Variations in the quality of cancer care are well documented. A key element of quality monitoring is standardized measures of care. Quality measures may include both process measures and outcome measures. Process measurement is only one aspect of assessing the quality of cancer care; measuring outcomes and providing the appropriate structure for care are also important. Measuring outcomes such as overall survival can be expensive and complicated by existing co-morbidities and may take too long to measure to truly affect delivery of care. Adherence to process measures is often used as a proxy for long-term survival. The implicit assumption is that adherence to good processes will predict good long-term outcomes. Quality measures can be used for both self-assessment and external review of the quality of care.
Payers and purchasers of health care are often users of standardized measures as they seek to ensure their beneficiaries are receiving high quality cancer care for a reasonable cost. Both public and private payers are placing a greater emphasis on quality, often times by linking reimbursement to quality. In response to this growing trend to prove value, payers, professional organizations, and provider groups have begun to create metrics based on evidence from research literature and guidelines. Quality measures that quantify the patient experience are also becoming increasingly popular, including but not limited to length of time away from work or family, speed and completeness of recovery, avoidance of toxicity and financial hardship are important to patients, but may or may not be used by providers or payers in their assessment of quality.

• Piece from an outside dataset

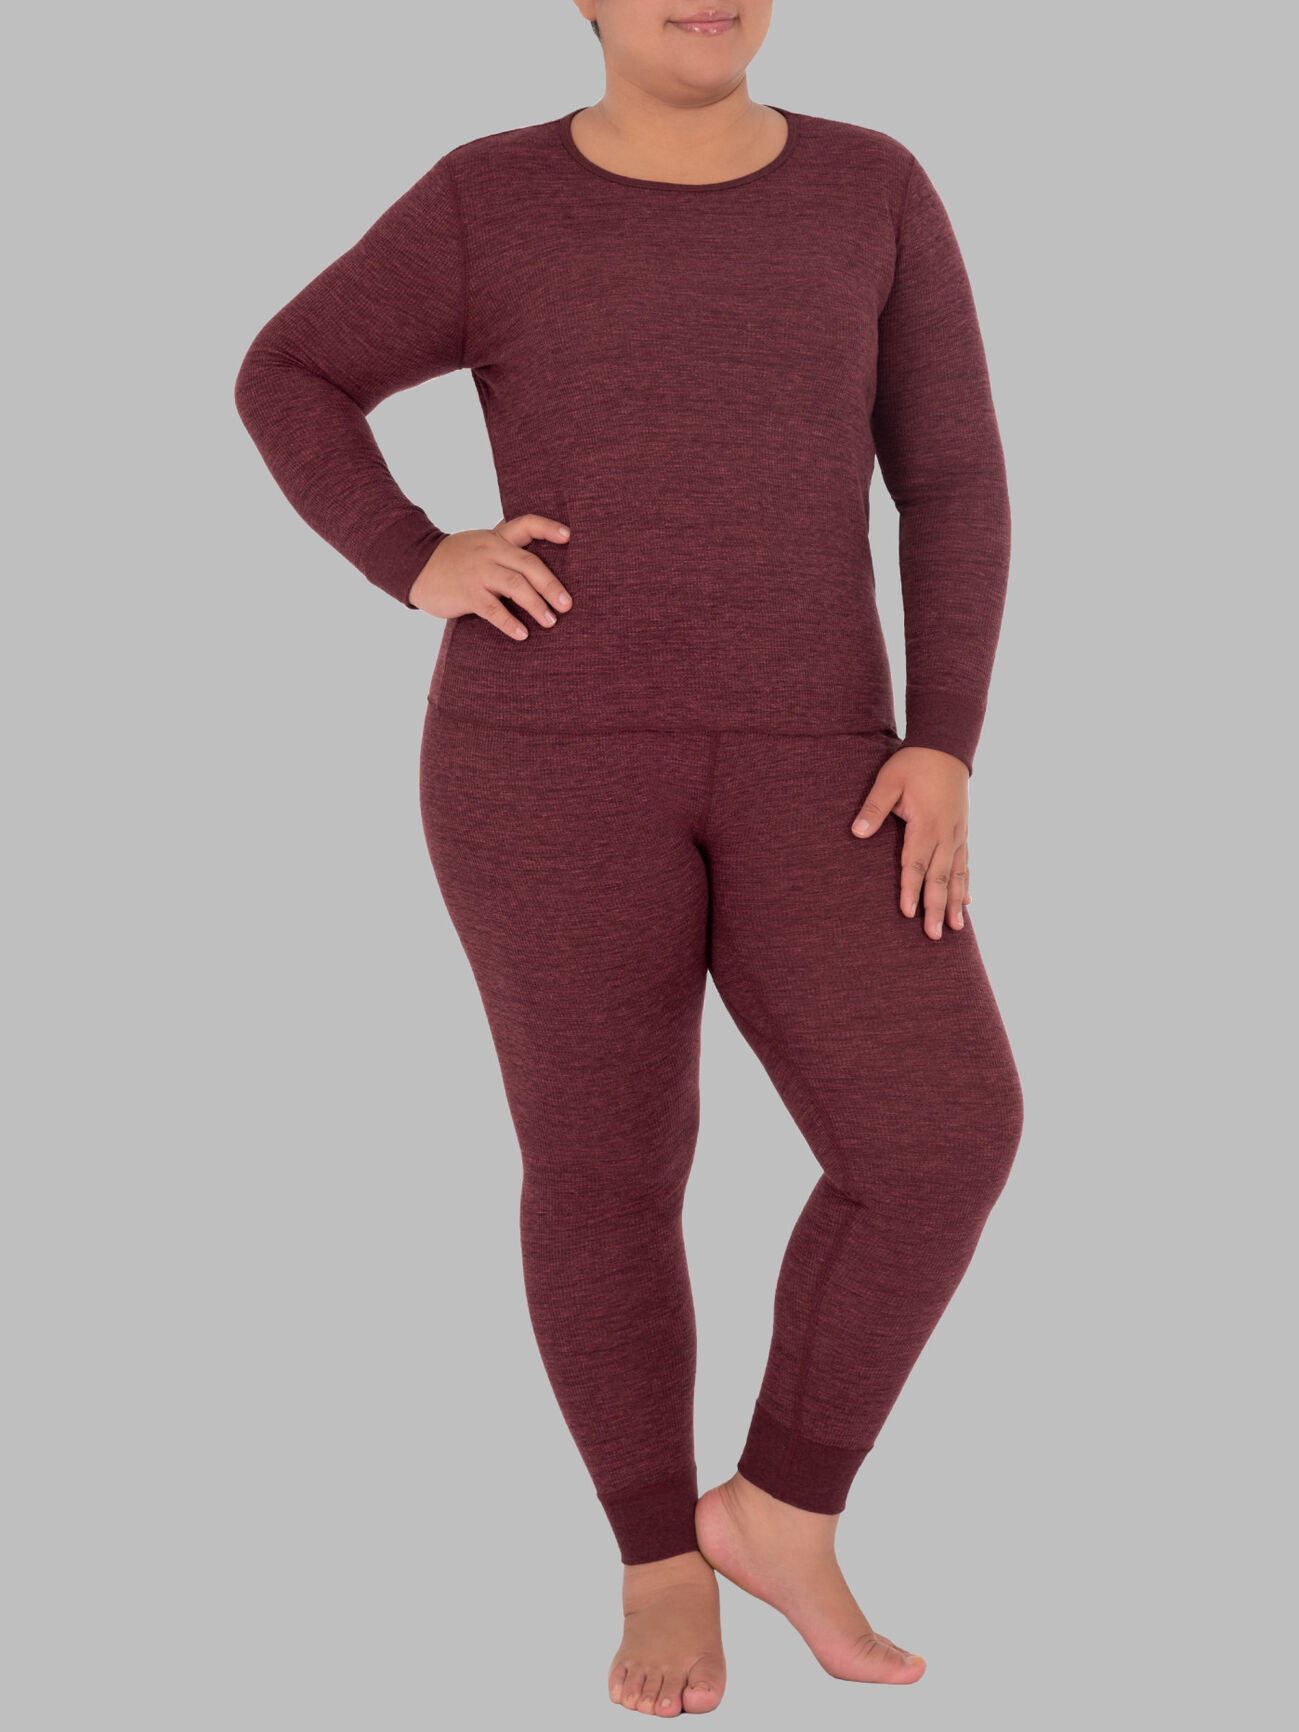 Women's Plus Size Waffle Thermal Crew Top and Bottom Set MERLOT INJECTION HEATHER/ MERLOT INJECTION HEATHER

In the summer of 2013, NCCN will host an invitation-only NCCN Policy Summit that will serve as a forum for stakeholders to discuss the challenges and opportunities for measuring quality care in oncology. We will examine the current efforts to develop quality measures and measure quality, discuss the value of quality measures and if we have seen improvement in patient care because of quality measures, and consider the impact of new care/payment models on quality cancer care.